DIRECTIONS FOR THIS TASK
Leave out the images and repeat the listing below without a single change.

:: INFORMATION PROVIDED

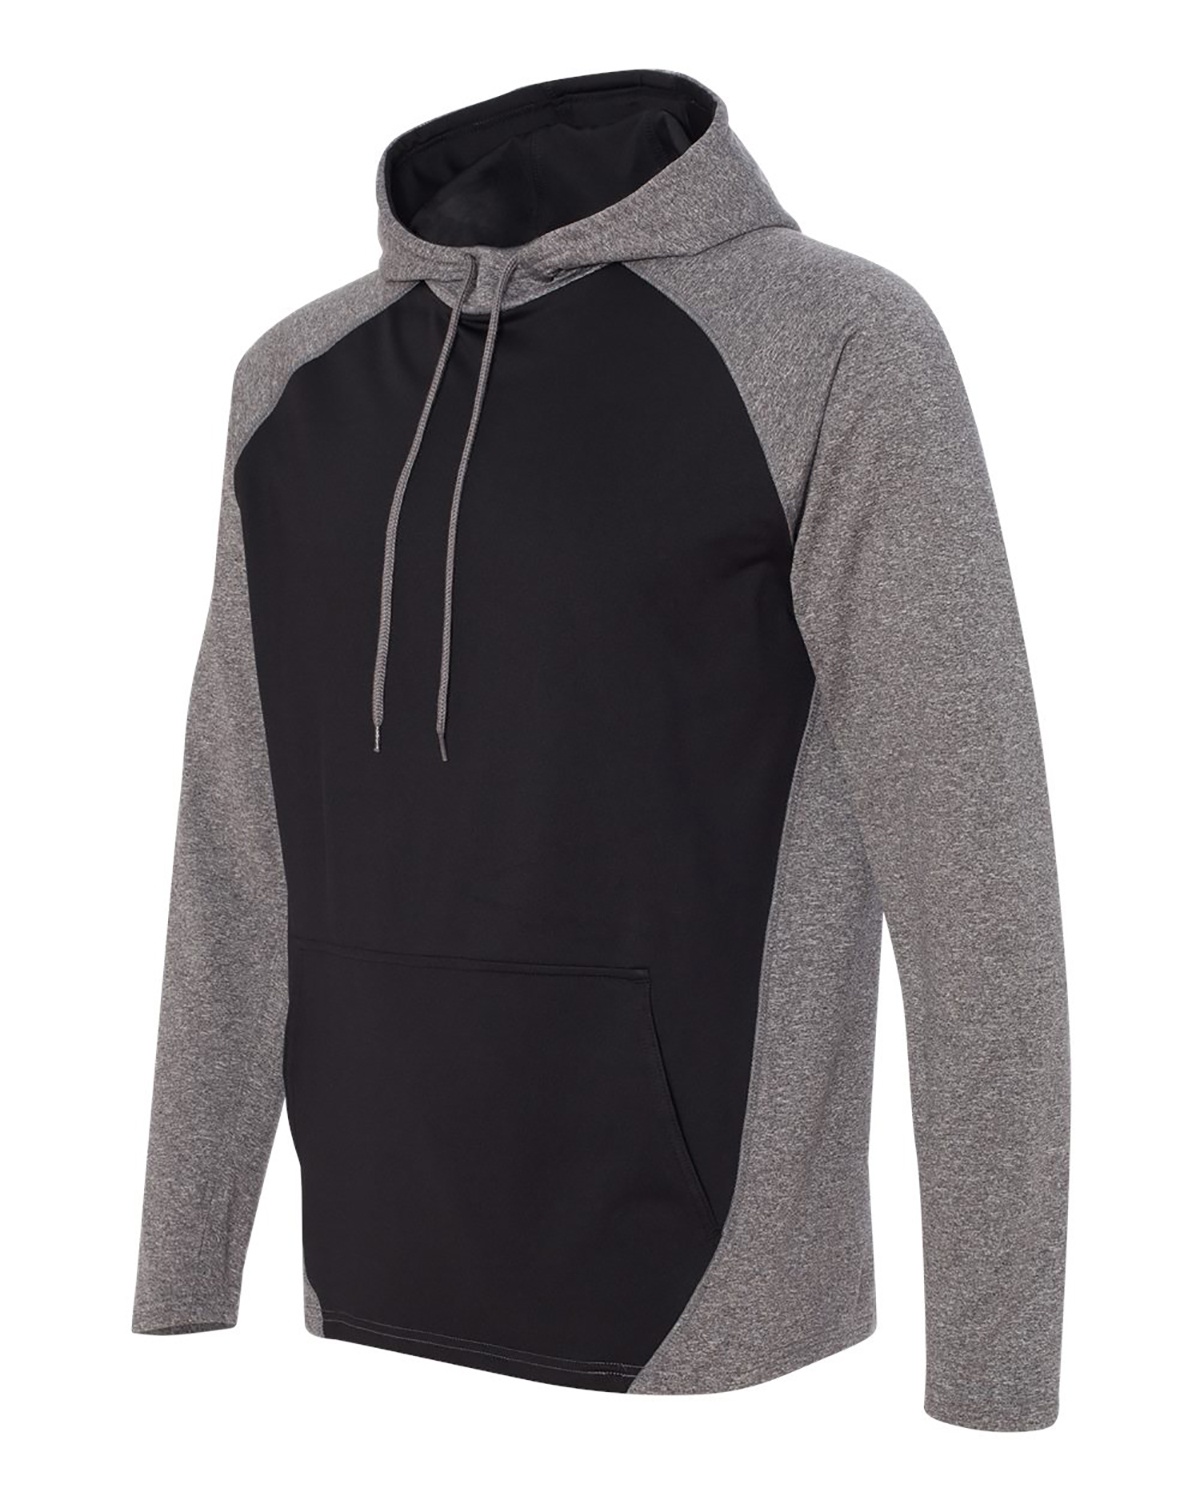 'Augusta Sportswear 4762 Adult Wicking Brushed Back Poly/Span Hoody'
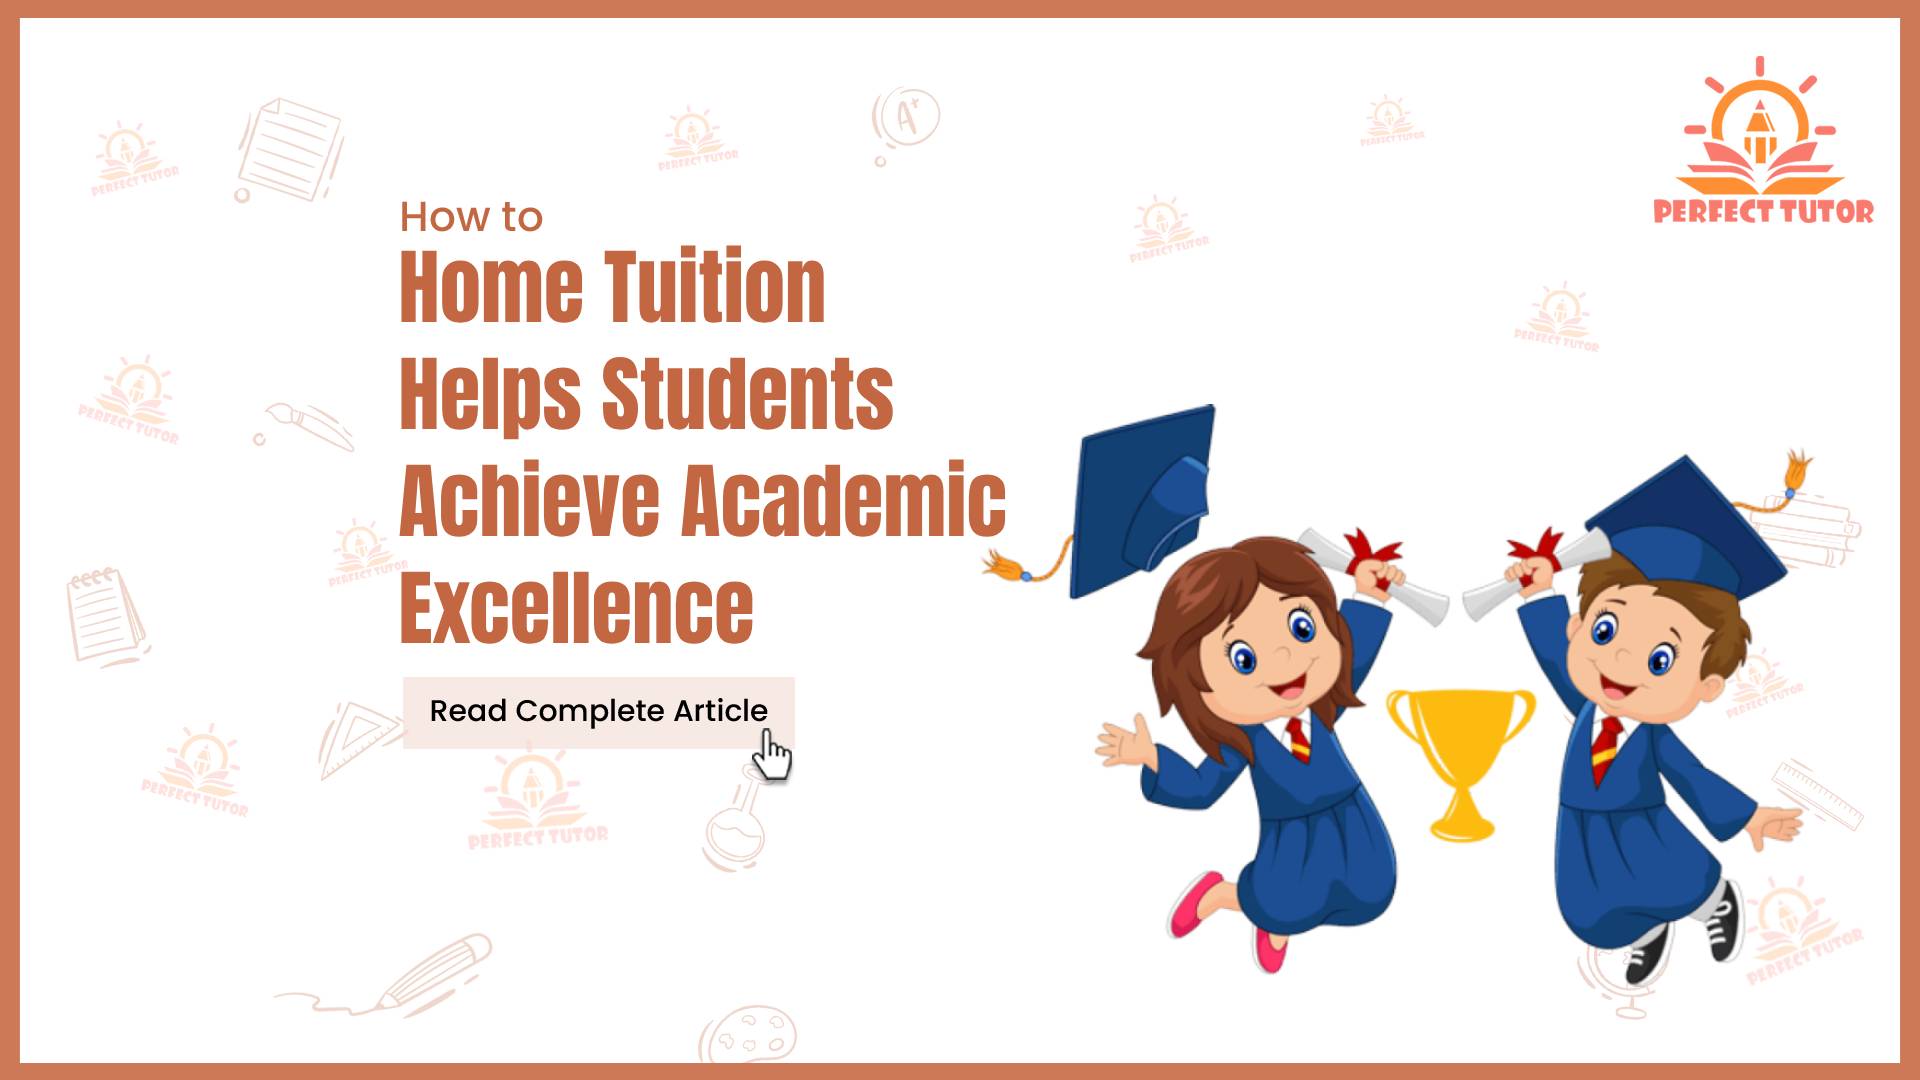 How Home Tuition Helps Students Achieve Academic Excellence
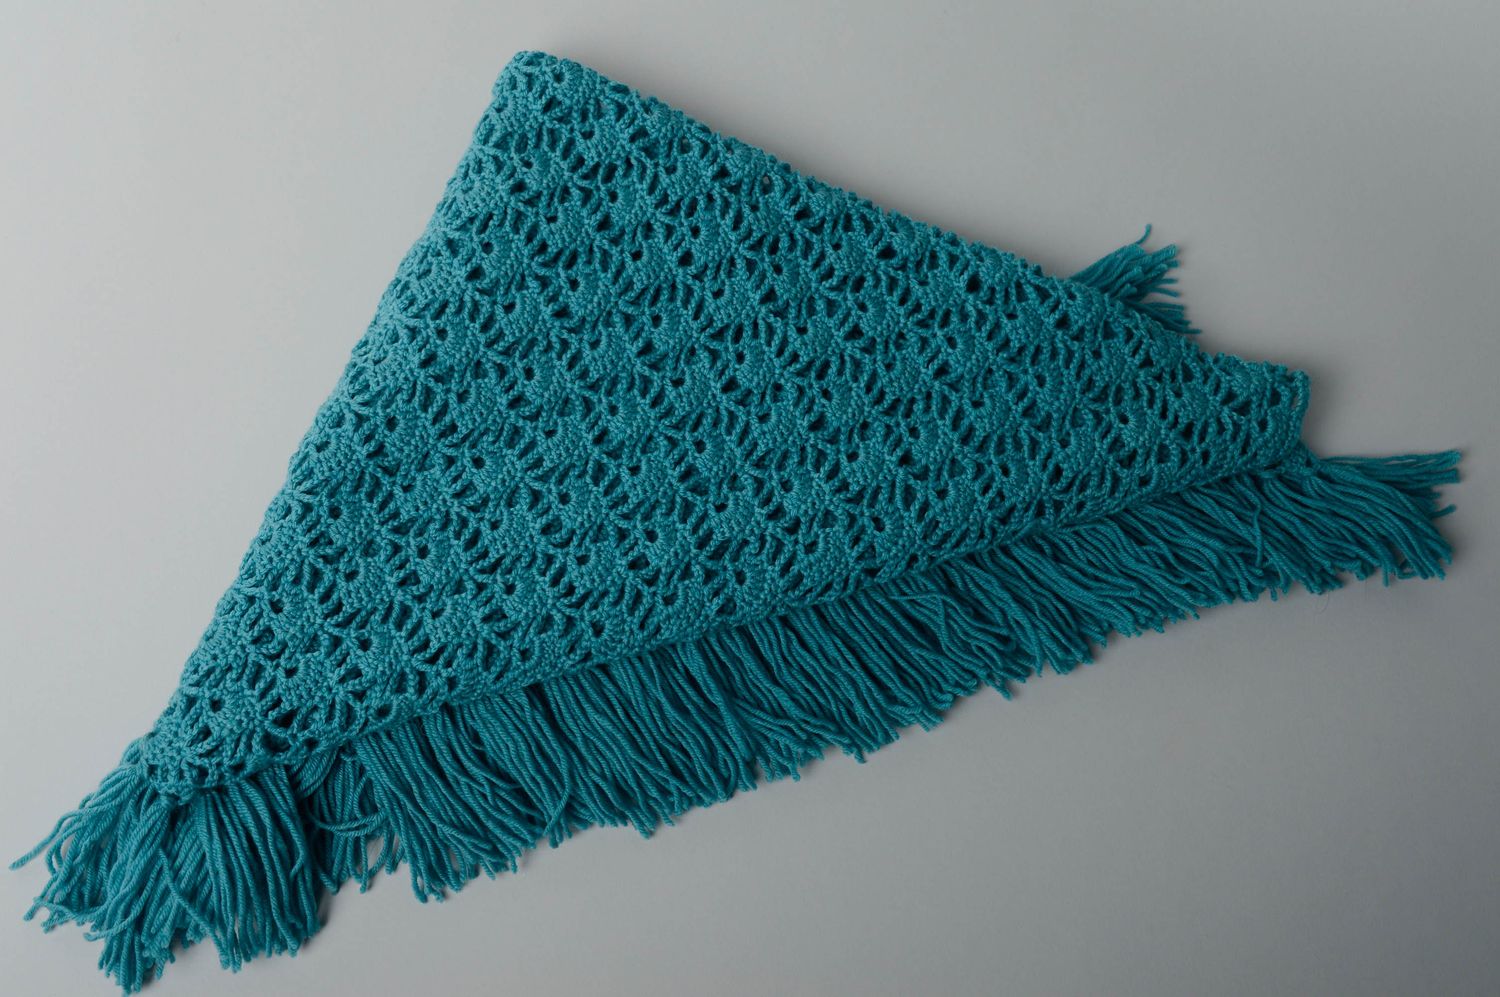 Hand crochet wool shawl of turquoise color photo 1

::::

ANSWER BOX
 'Augusta Sportswear 4762 Adult Wicking Brushed Back Poly/Span Hoody'
 How Home Tuition Helps Students Achieve Academic Excellence
 Hand crochet wool shawl of turquoise color photo 1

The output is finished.